= Pears Cumbria School of Medicine =

Medical school in Cumbria, England

The Pears Cumbria School of Medicine (PCSM) is a medical school in Carlisle, Cumbria, England, which is a partnership between the University of Cumbria and Imperial College London, established with support from the Pears Foundation. It houses the graduate-entry medical programme of Imperial College London. It was launched in November 2023 with the goal of making a difference in under-served regions and will admit its initial cohort of 58 graduate-entry medical students in September 2025. They will graduate as doctors of medicine from Imperial College London. Students will be based at the University of Cumbria's Fusehill Street Campus in Carlisle.

The school aims to "produce doctors committed to delivering cutting-edge healthcare approaches and serve the needs of their local community", and to improve health in Cumbria and north west England. It also commits to encouraging local people to consider a career in medicine and widening access to medical education. Students will be awarded their medical degree by Imperial College. Professor Mary Morrell was appointed interim head of the new school in August 2023.

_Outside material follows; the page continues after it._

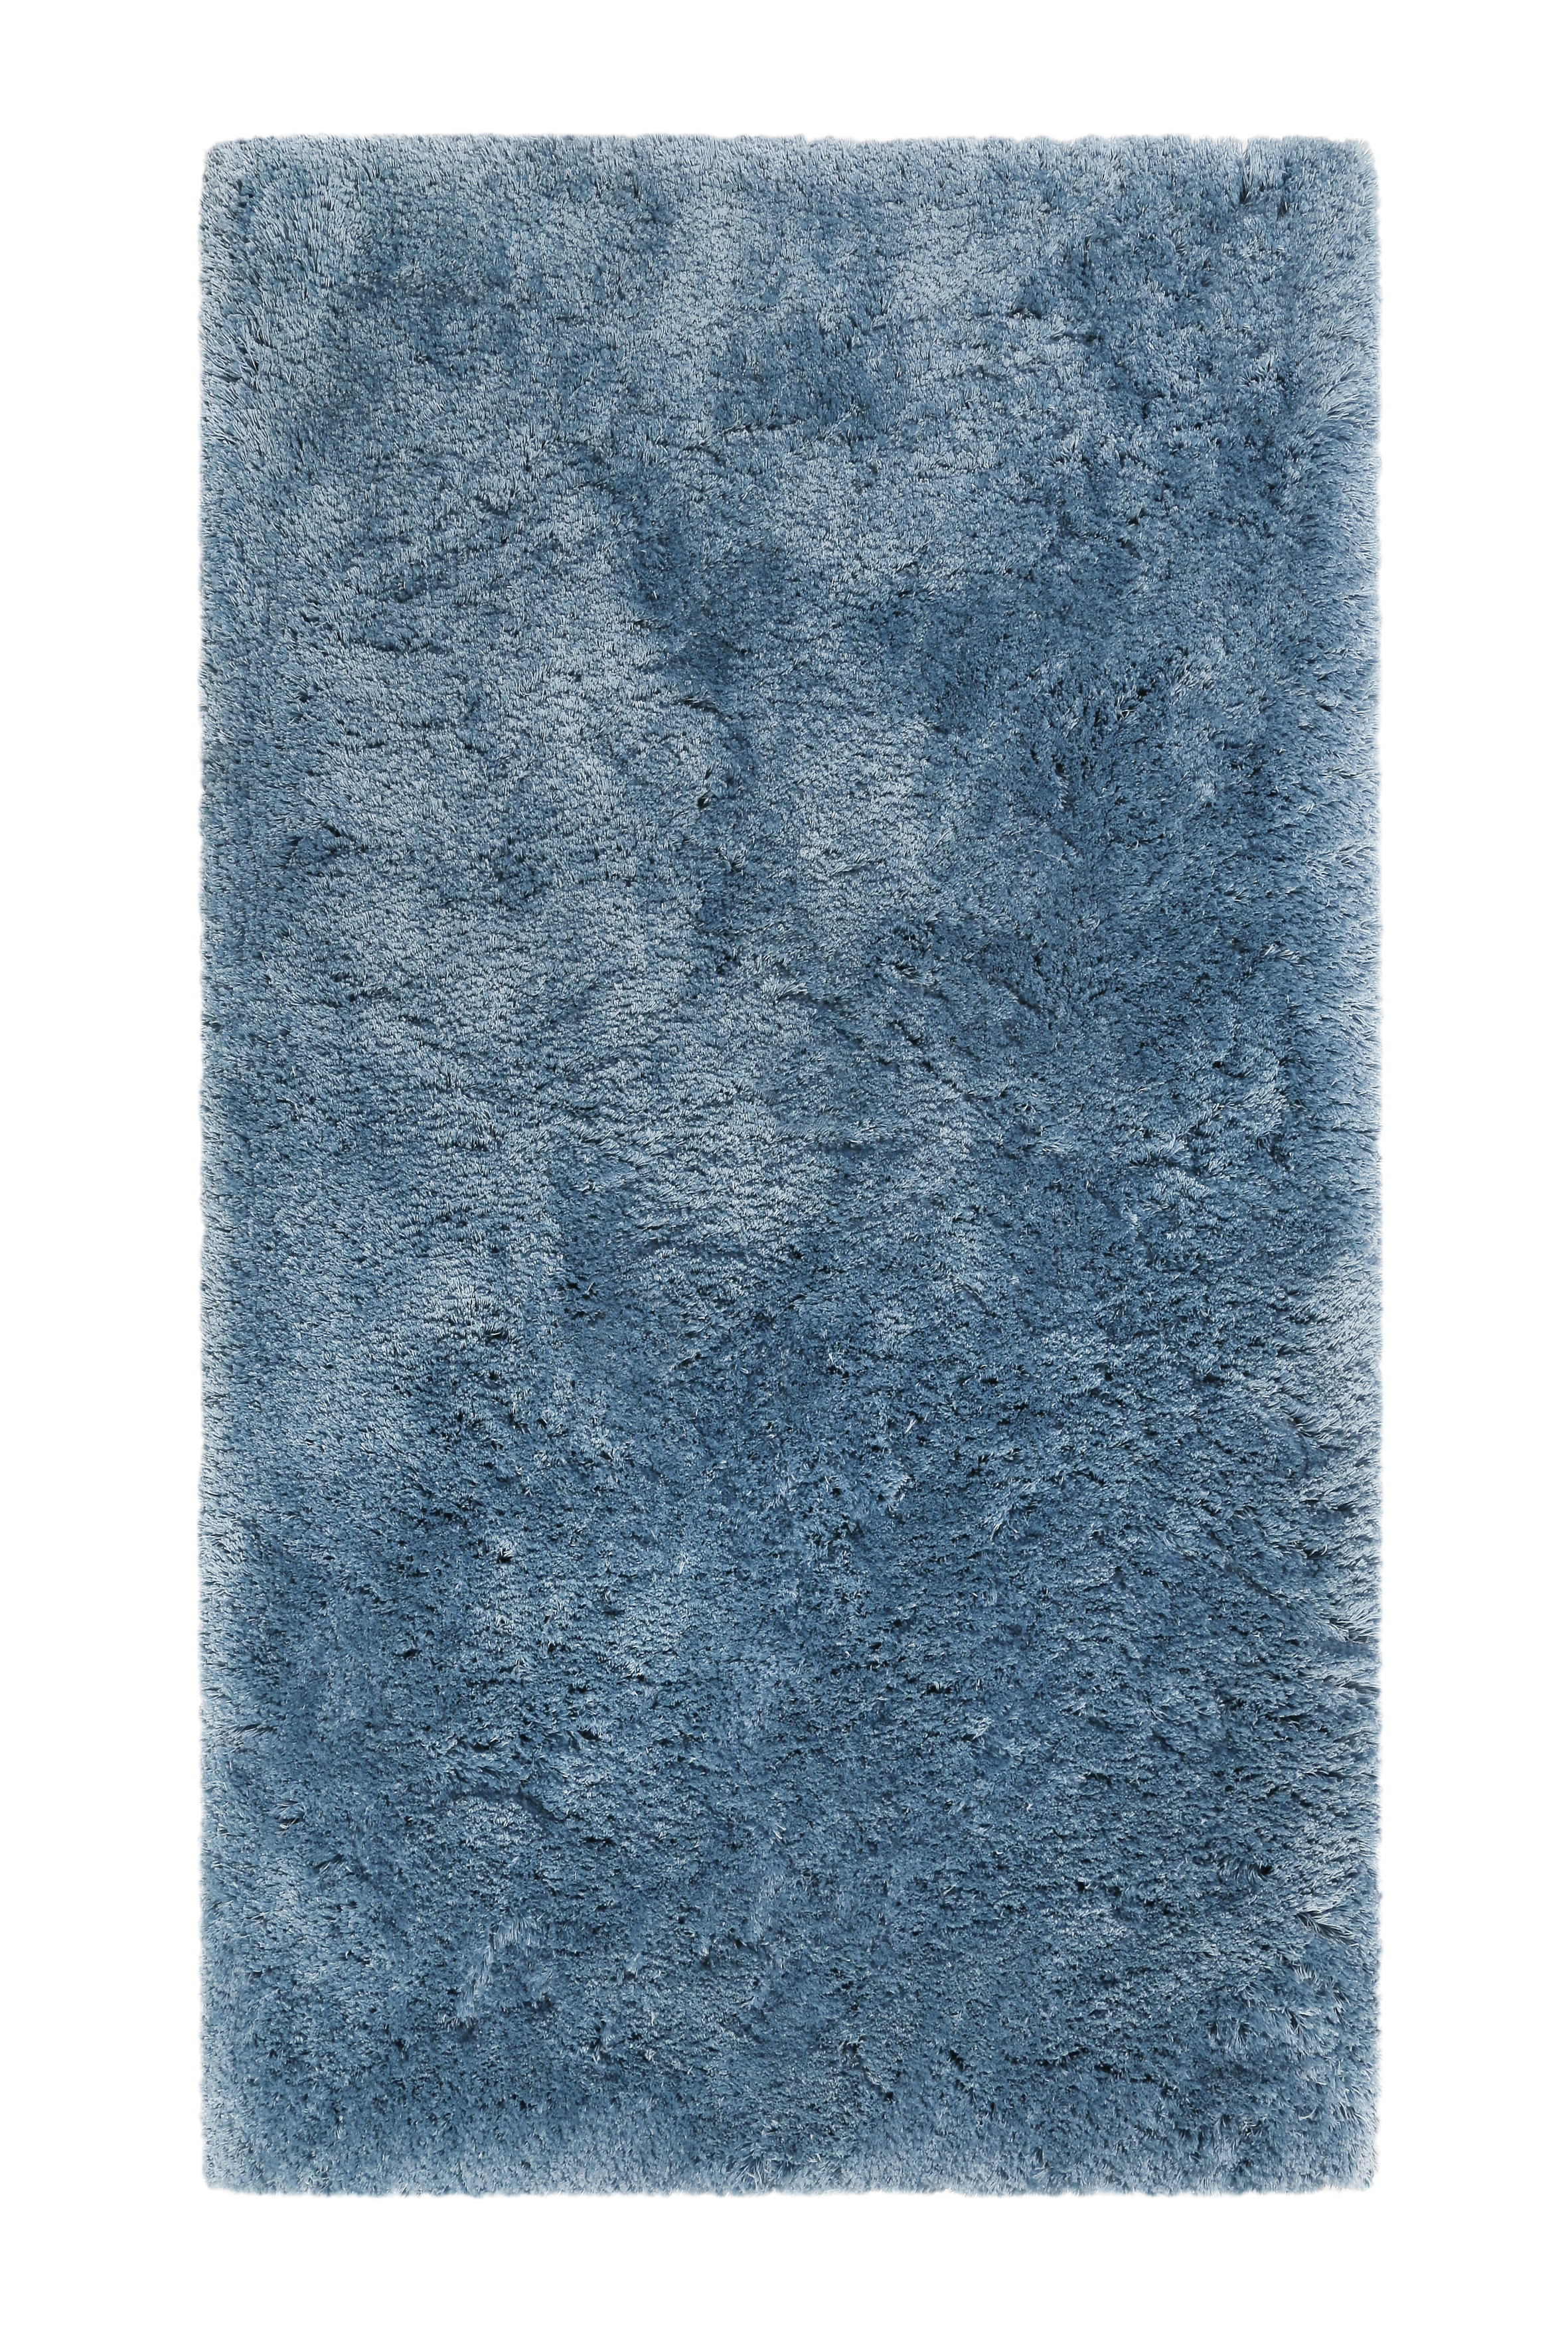 tapis de bain microfibre antidérapant bleu 55x65
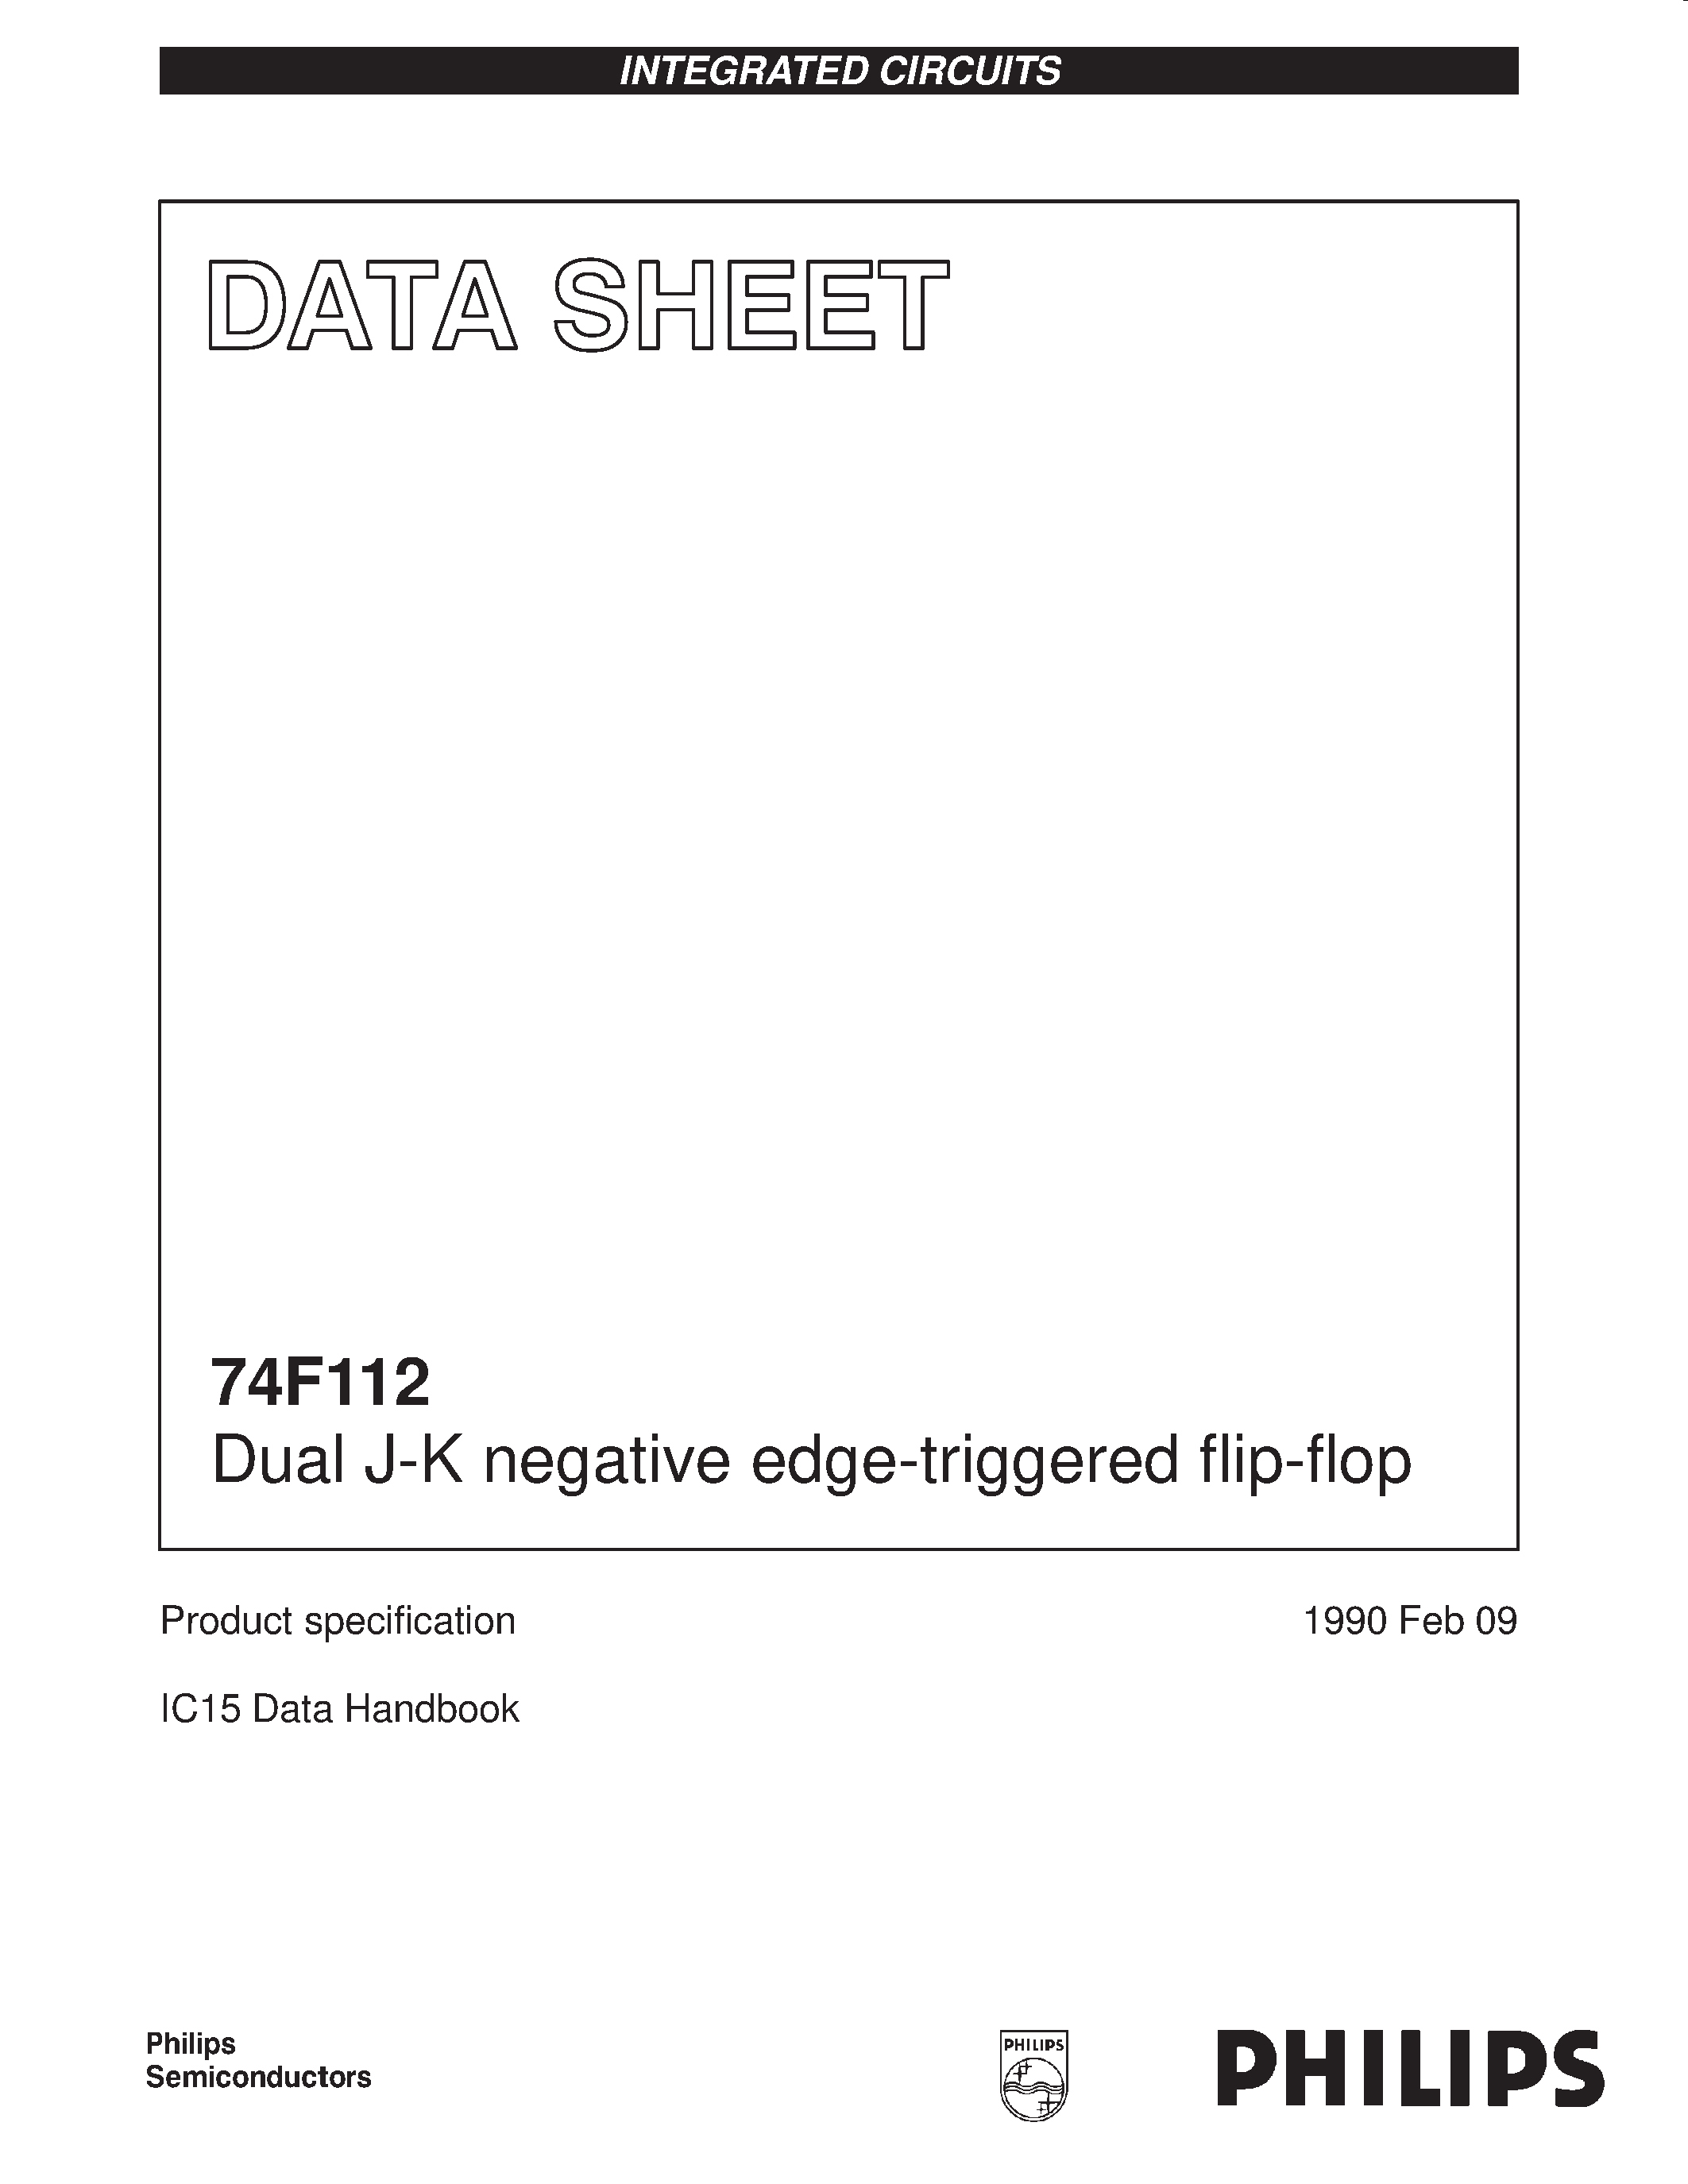 Даташит N74F112N - Dual J-K negative edge-triggered flip-flop страница 1

First announced in April 2022, the medical school was cited in the 2023 National Health Service Long Term Workforce Plan as a "good example" of addressing geographical inequality by "focusing new medical schools and additional places in geographical areas with the greatest staff shortfalls and unmet healthcare need". In May 2024 the NHS announced that an additional eight places at Pears Cumbria would be funded, as part of an increase of 54 places across north west England, thus bringing the initial intake up to 58 students and the rate of acceptance to approximately 5% (58/1200).

The medical school will be based at the University of Cumbria's Fusehill Street Campus in Carlisle. This was a military hospital during World War I, and later Carlisle's maternity hospital, and is a grade II listed building.